Dans la réalité c'est pareil. Les Romains, je l'ai déjà dit dans d'autres articles, acceptaient parfaitement les divinités des autres peuples dans lesquelles ils voyaient des versions alternatives de leurs propres dieux (le culte oriental de Mithra a même sacrément gagné en influence dans l'empire au IIIème siècle de notre ère), alors que les chrétiens, qui n'ont eu de cesse d'éliminer les polythéismes, ont présenté ceux-ci comme le Mal, et surtout ont souvent considéré, parce que leur religion est manichéenne, que les autres le sont aussi.

Et cette méprise des contemporains, elle se voit genre TOUT LE TEMPS. Dès qu'il s'agit de réaliser ou d'écrire une œuvre sur la mythologie grecque, les méchants sont tout trouvés : les monstres (minotaures et cyclopes en tête, parce que les centaures c'est gentil, HEIN NARNIA, PERSONNE A PARLÉ DE LA CENTAUROMACHIE A CLIVE STAPLE LEWIS, PAS VRAI ?!?) et les Titans, qui sont les grands ennemis des nobles et preux Olympiens. Parlons-en, de la noblesse des Olympiens, je rappelle que dans la Théogonie, l'âge d'or d'innocence et de liberté des humains récemment créés correspond au règne de Cronos, donc des Titans, avant que Zeus n'envoie celui-ci dans le Tartare et n'entame, avec sa génération, l'Âge d'Argent durant lequel les mortels en prennent plein la tête de la part des divinités.

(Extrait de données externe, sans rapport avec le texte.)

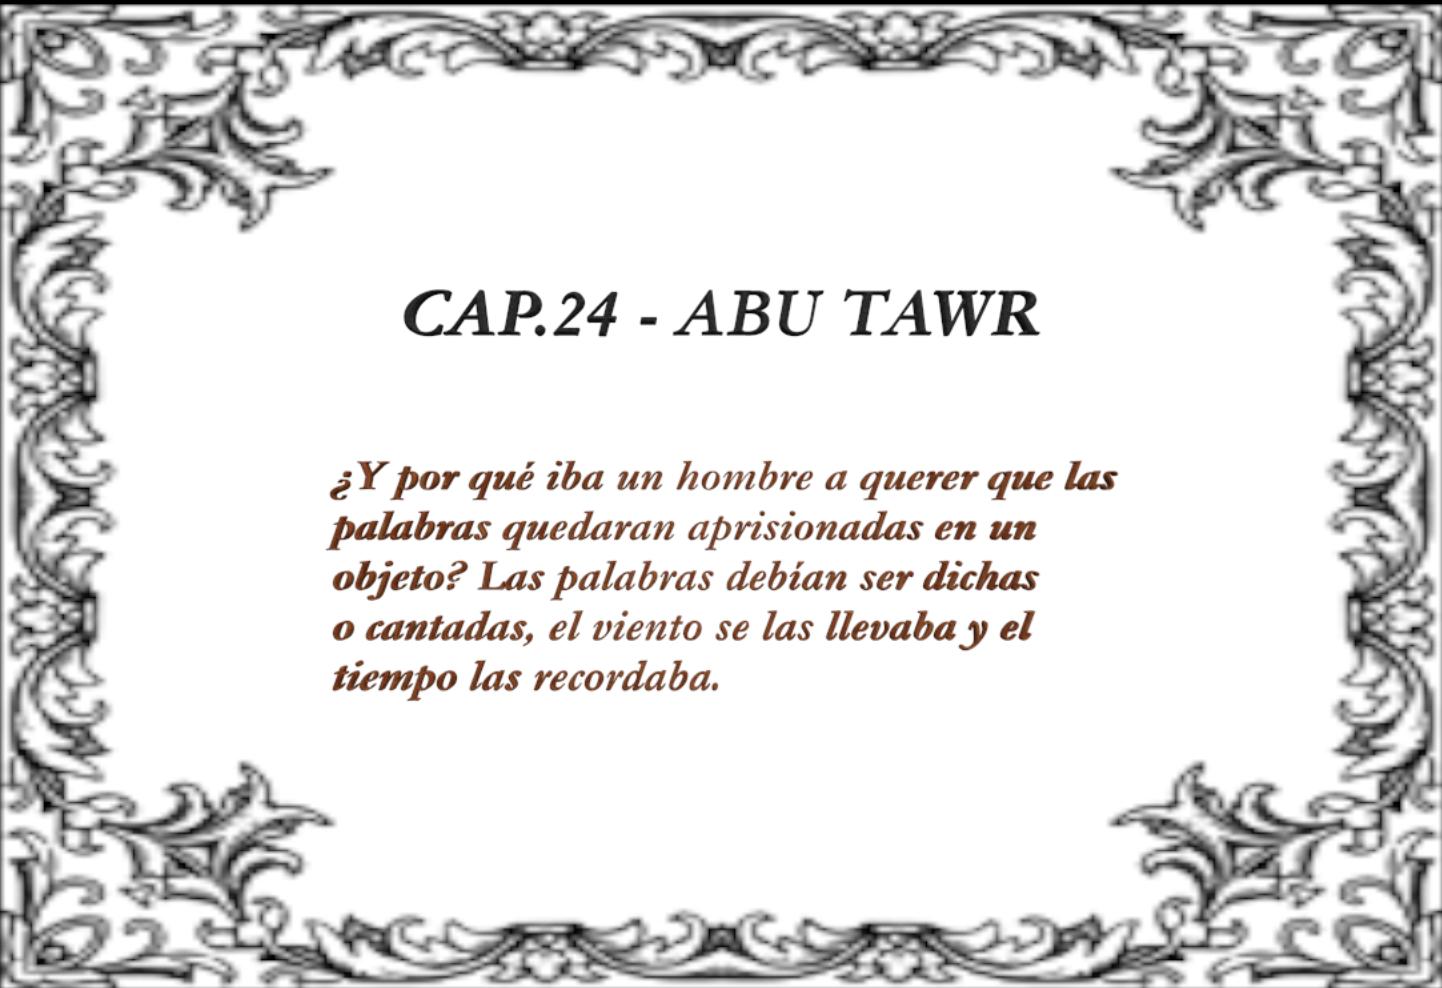 24 abu tawr 1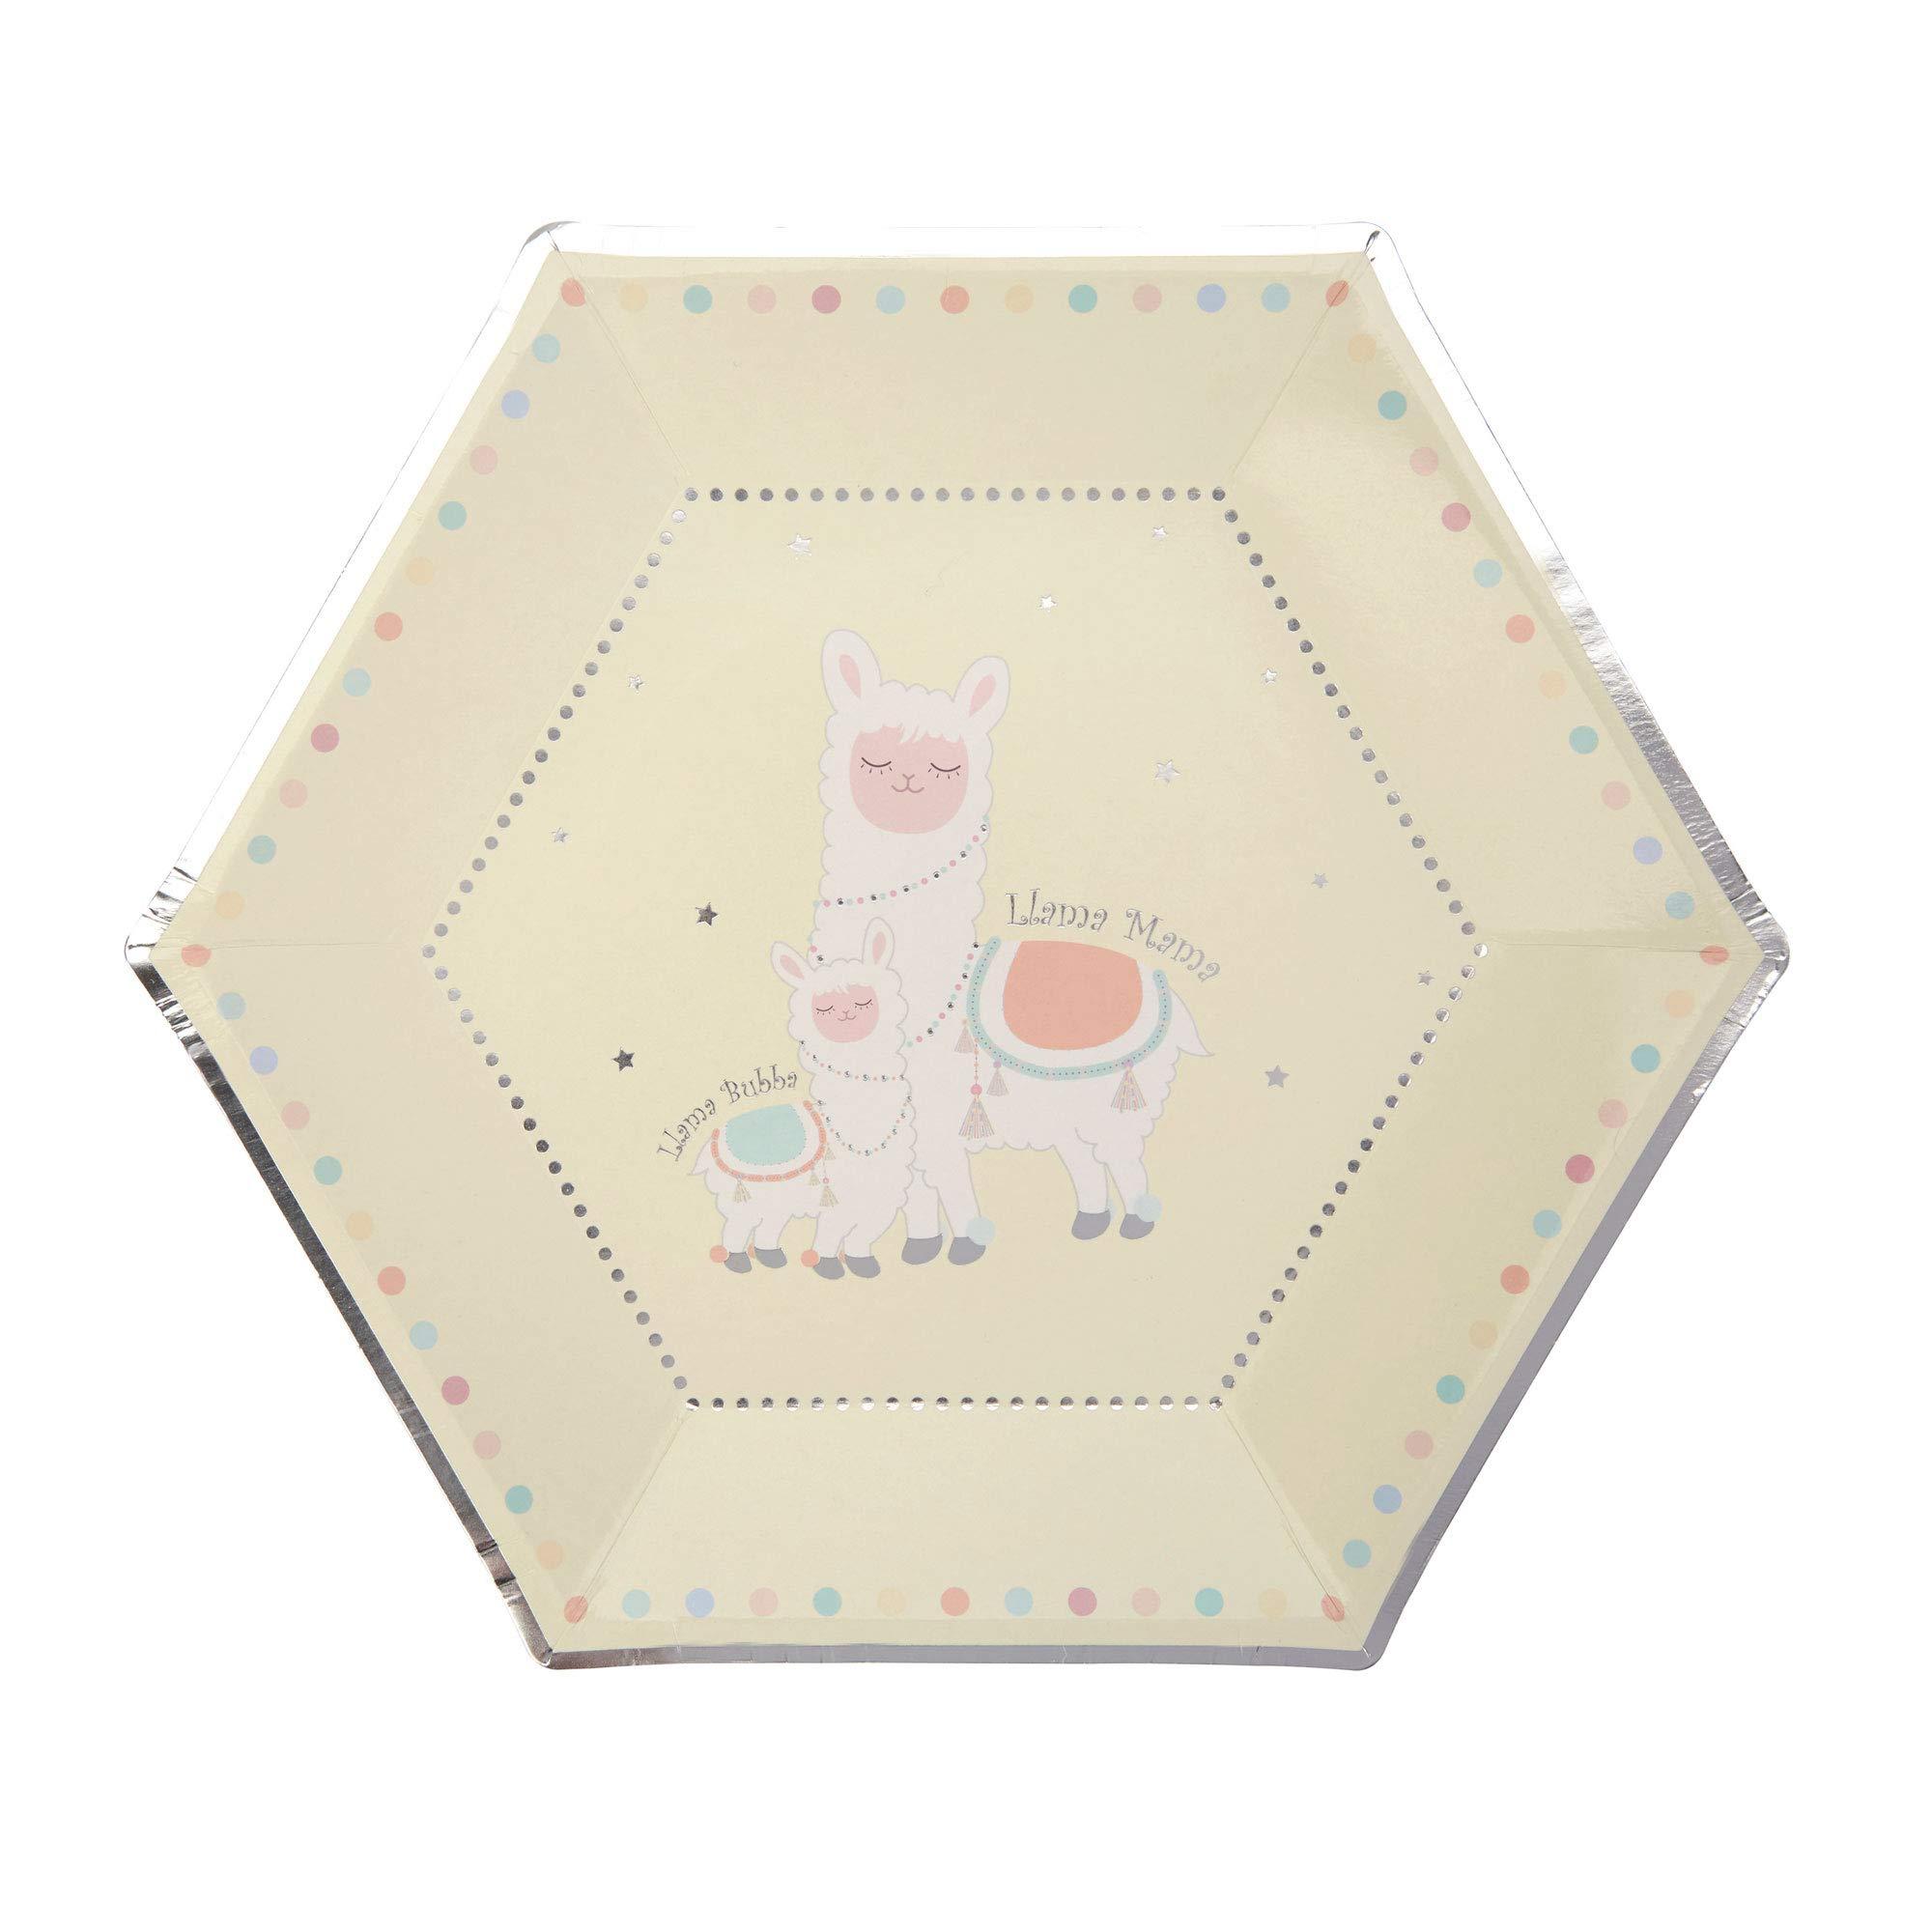 Neviti 776278 Llama Love-Large 纸板 -8 件装,彩色,27 x 27 x 0.5

Lucas Cranach l'Ancien, L'âge d'Or, 1530.
Note que l'âge d'or, pour beaucoup (à cause de l'influence chrétienne) c'est être enfermés dans le Jardin d'Eden pour y vivre dans la quiétude. L'âge d'or c'est être enfermés. Voilà.

Parfois, quand on veut se simplifier la tâche pour faire de la merde, on se casse pas la tête pour les méchants : certains Olympiens eux-mêmes font très bien le job.
Poséidon et Hadès, les deux frères jaloux qui veulent le pouvoir absolu accaparé par Zeus, la pauvre victime de leurs complots, sont souvent les adversaires de choix, tel qu'on le voit par exemple dans Le choc des titans de Louis Leterrier, ou encore Percy Jackson et le voleur de foudre, qui a, je pense, la pire représentation possible d'un Hadès – ou de la mythologie grecque en général – égalé en ceci par sa suite, Percy Jackson et la mer des monstres.

 RT si toi aussi tu t'es fait du mal avec cette daube. Hashtag la souffrance. Hashtag la consternation. Hashtag facepalm.

Les Enfers.

Exactement dans la suite logique de ce manichéisme mal placé et de la représentation d'Hadès comme d'un grand méchant cruel et impitoyable, les Enfers sont souvent sujets à la perception chrétienne du monde des morts. L'exemple le plus éloquent est dans Percy Jackson et le voleur de foudre, dans lequel Hadès est un rockeur vêtu de cuir (parce que le rock, c'est le MAL) qui règne sur un monde empli de flammes et de lave, habitant dans un immense palais aussi flamboyant qu'excentrique. Pareil, dans The Elder Scrolls IV Oblivion, les plans d'Oblivion, du moins ceux du domaine de Mehrunes Dagon, sont des plans infernaux où quelques terres sont isolées par de la lave en fusion, alors même que l'extension Shivering Isles nous montre un autre plan d'Oblivion, celui de Sheogorath, ici placé sous le thème de la folie et du foisonnement.
De même, les Enfers dépeints dans la série de jeux vidéo God of War, ou en tout cas dans le premier jeu, sont un lieu de torture perpétuelle, noyé dans le feu, le sang et les hurlements des âmes damnées.

#PasLesBonsEnfers

La série Stargate SG1, dans ses deux dernières saisons (qui traitent du mythe arthurien) avec l'opposition de l'héritage des Anciens (donc les Terriens et les autres races humaines) et des Oris, décrit très bien ça. Alors que les Oris font du feu un élément de vie et de lumière au cœur de leurs pratiques religieuses, l'archéologue Daniel Jackson décrit le mécanisme de la façon suivante : les Anciens sont opposés aux Oris, les premiers défendant la curiosité et la découverte par altruisme et les seconds la croyance pour leur propre intérêt (y compris, dans les deux cas, concernant les formes d'existence inférieures qui voient eux des êtres divins). Ils ont décidé de présenter le principal symbole de leurs adversaires, le feu, comme quelque chose de maléfique et dangereux, et cela a inspiré la culture en général dans la Voie Lactée.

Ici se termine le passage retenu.